When peacemakers plant seeds of peace, they will harvest justice. (James 3:18)
The principles of nature can apply to human relationship. There’s no point planting an apple seed if you want oranges. Likewise it makes no sense grumbling and complaining about how wrong the world is, when we’re not planting the seeds to bring about the things that are right. As we spend time planting peace seeds of friendliness and gentleness we can look forward to the harvest of fairness.
I was looking at James 3:15-18 and reading Jimmy’s strong words that basically calls us to wake up and smell the coffee in terms of where we think we’re getting our wisdom from. Sometimes the power of these words are diluted by cultural sensitivities. Sometimes we want to modify and accommodate these words into something that is relatively harmless to others. The reality is however that the mainstream does not endorse, promote or support heavenly wisdom. That’s why it’s no surprise that we live in such a fractured, painful world because all humanity has ever perpetuated is fractured, painful choices through selfish ambition. Face it – your parents may not have done all they could to ensure their children were Kingdom-focussed offspring looking for how to plant peace.

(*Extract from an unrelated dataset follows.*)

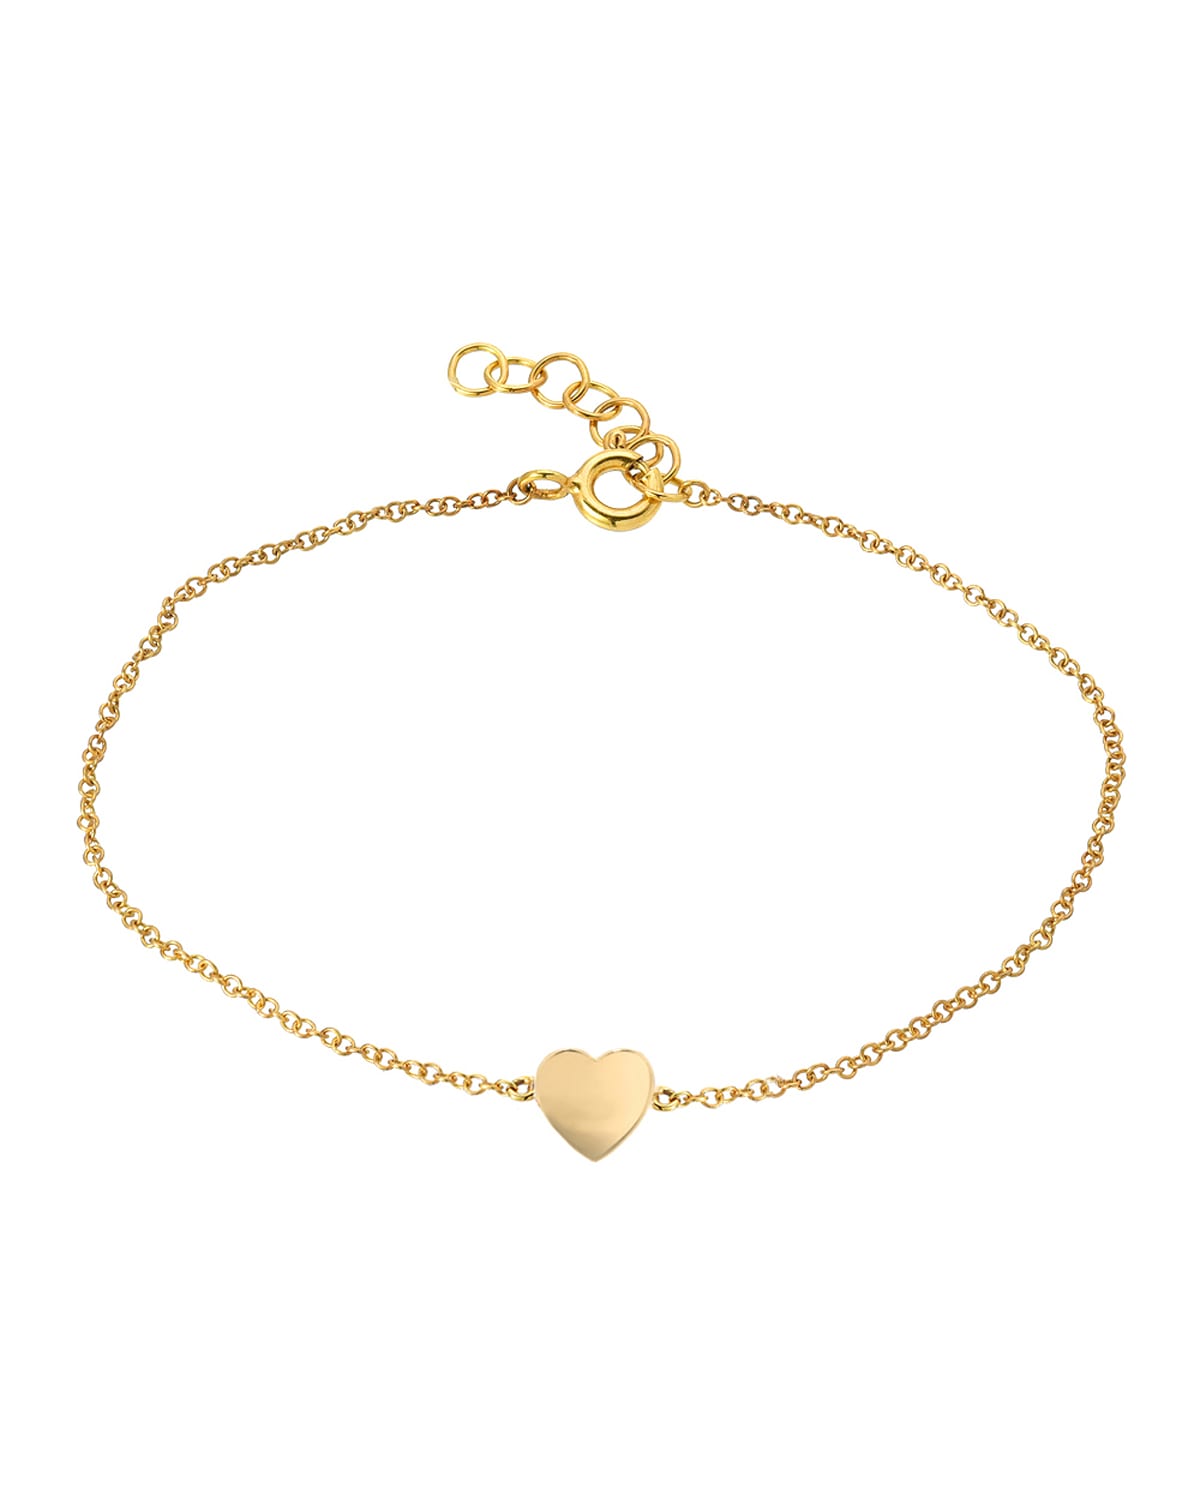 Zoe Lev Jewelry 14k Gold Heart Bracelet

More often than not generations and cultures have embedded in them selfish ambition either through conquest or through keeping oneself to oneself. We are told to look after number one. We are encouraged to get all we can and can all we get. We are told to do whatever we can for ourselves because we are worth it and deserve our best lives now even if it prioritises the self over all else. Indeed biblical narrative highlights the cycle of material prosperity leading to independence and on the other hand in some cases material lack leading to a great deal of covetousness to and aspiration to material prosperity that would then lead to that state of independence. God’s purpose in any kind of prosperity was never for independence but for a stronger sense of concern and investment in interdependence with all levels of the community around us. That’s why the call to be peacemakers and behaving in ways that are pleasing to God are necessarily costly to us – calling indeed for self-sacrifice in order to replicate the very character of the Saviour as we shall see later.
Meanwhile I encourage you to observe for yourself the values and norms of your own surroundings and notice if it is really based on sowing the seeds of peace or otherwise and ask God to empower you again to do what is necessary to see justice in individual and communal relations for Christ’s sake.